Resignation of an MLA May Trigger Anti‑Defection Disqualification: Legal Issues Emerging from Manpreet Ayali’s Breakaway from Shiromani Akali Dal (Punar Surjit)
Manpreet Singh Ayali, who serves as a member of the legislative assembly for the Shiromani Akali Dal and is identified in the reporting as a rebel figure within the party, formally announced his resignation from the breakaway faction known as Shiromani Akali Dal (Punar Surjit) as well as from the associated Panthic Unity Coordination Committee, thereby terminating his formal affiliation with both the party organization and its coordination body. In explaining the motivation for his departure, Ayali referenced a directive issued by the Akal Takht, describing it as a hukamnama, which he interpreted as condemning the inclusion of certain leaders whom he asserted had lost moral authority, and he claimed that this perceived erosion of ethical standing within the party hierarchy constituted a decisive factor compelling his exit. He further expressed admiration for the faction led by Amritpal Singh, characterizing it as a preferable political alternative, while simultaneously stating unequivocally that he would neither align himself with parties based in Delhi nor seek reentry into the mainstream Shiromani Akali Dal organization from which he had earlier broken away. The public declaration of resignation and the articulation of these positions underscore a shift in intra‑party allegiance that may have implications for his status as an elected representative and raise questions concerning the applicability of anti‑defection provisions governing legislators who abandon their political parties.

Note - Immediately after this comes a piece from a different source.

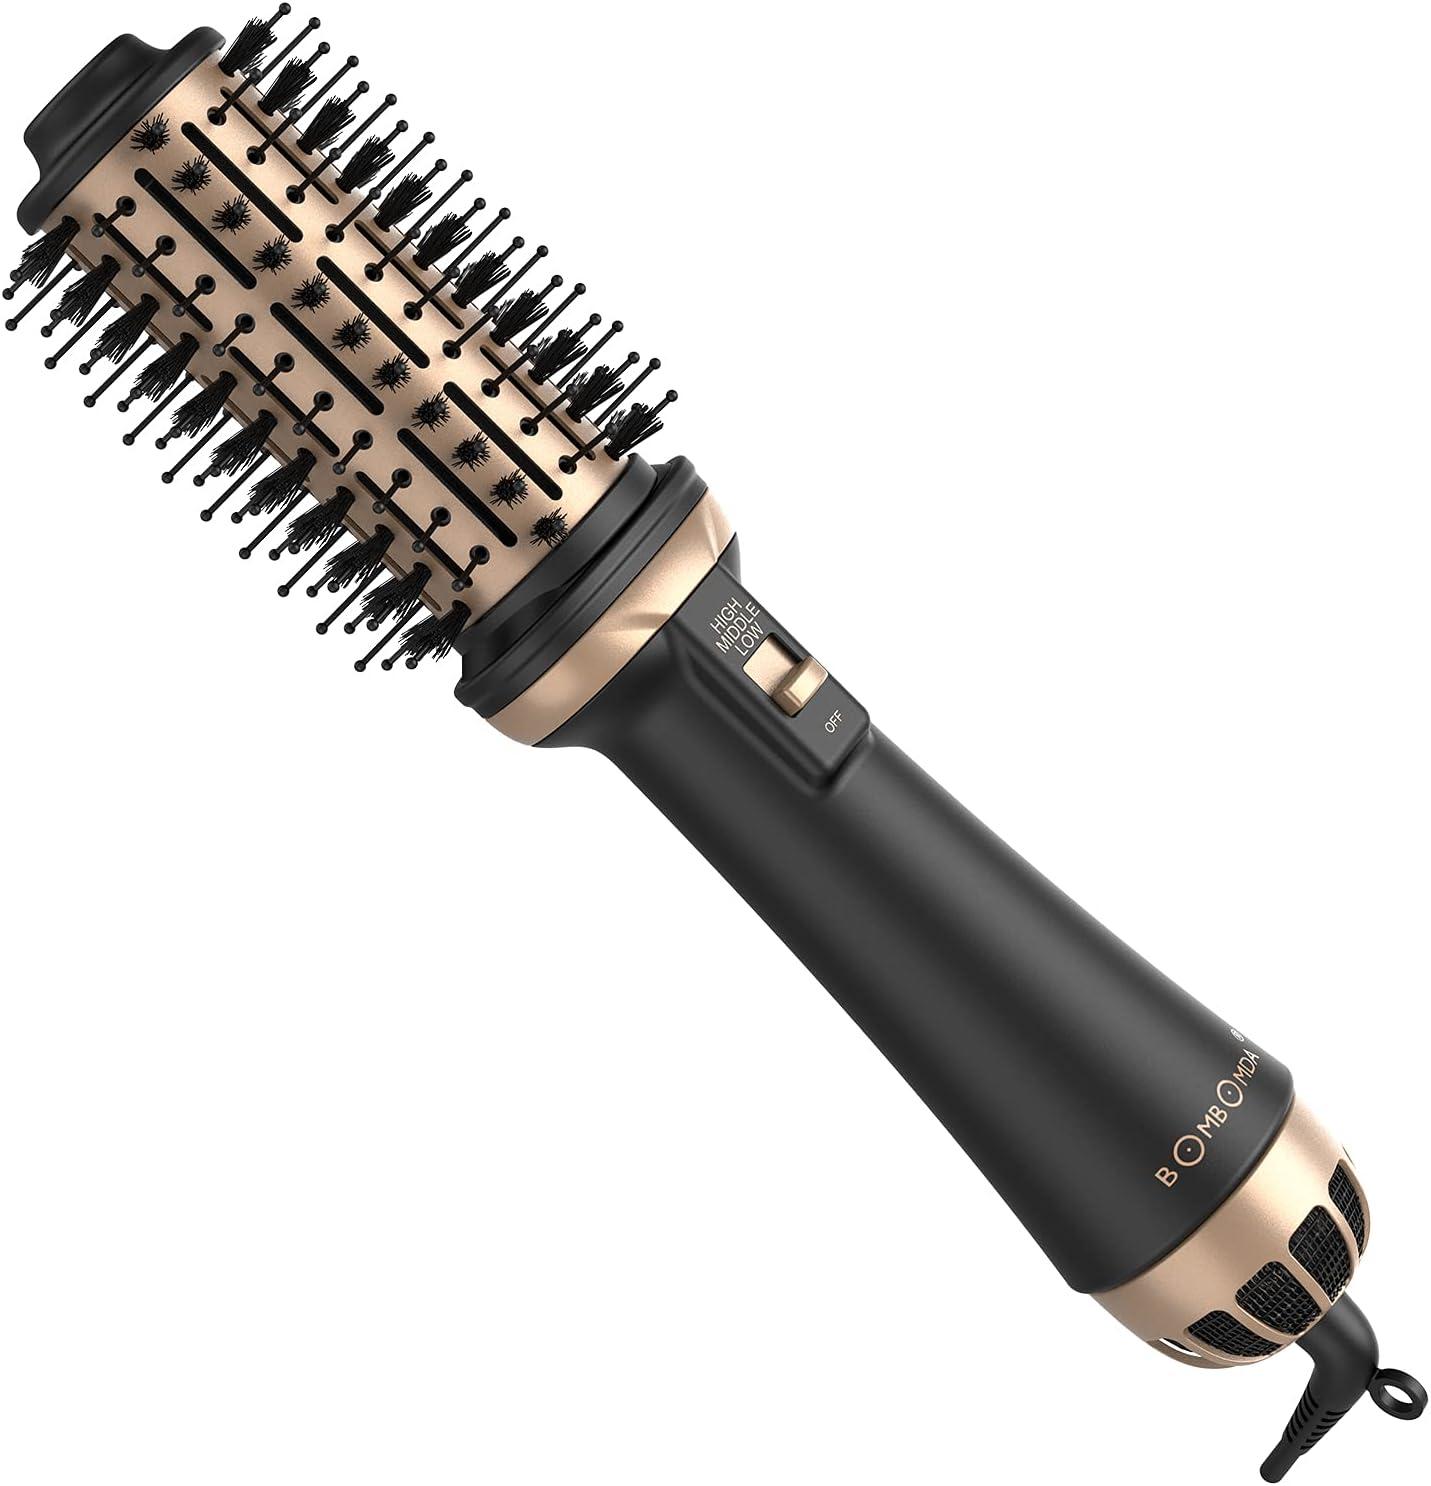 Cepillo de Aire Caliente, BOMBOMDA 4 en 1 Cepillo Secador de Pelo Secador Moldeador Rizador y Plancha, 3 modos, Multifunción Secador de con Iones Negativos para Peinado de Salón de Belleza

One question is whether Ayali’s resignation from the Shiromani Akali Dal (Punar Surjit) automatically invites disqualification under the anti‑defection law that applies to members of legislative assemblies who cease to be members of the party on whose ticket they were elected, thereby potentially vacating his seat without further procedural steps. If the statutory framework treats mere resignation as a ground for disqualification, then the speaker of the assembly could, upon receiving a representation from the original party, issue a notice of disqualification that would be enforceable unless successfully challenged before a competent court. However, the legal position may hinge on whether the resignation was effected in accordance with the procedural requirements prescribed by the anti‑defection provisions, such as timing, method of submission, and the existence of a formal party notification confirming his departure.
Another possible view is that the original party must submit a formal petition to the speaker, outlining the alleged breach, and the speaker’s discretionary power to rule on the petition may be subject to judicial review if the decision appears arbitrary or contrary to constitutional guarantees. The timing of such a petition, whether it is filed promptly after the resignation or delayed, could affect the applicability of any statutory limitation periods governing anti‑defection proceedings, thereby influencing the ultimate outcome of the disqualification inquiry. Additionally, the party may argue that Ayali’s public statements praising a rival faction constitute voluntary alignment with another political grouping, which under the anti‑defection regime might be interpreted as joining a new party and thus trigger disqualification regardless of his formal resignation.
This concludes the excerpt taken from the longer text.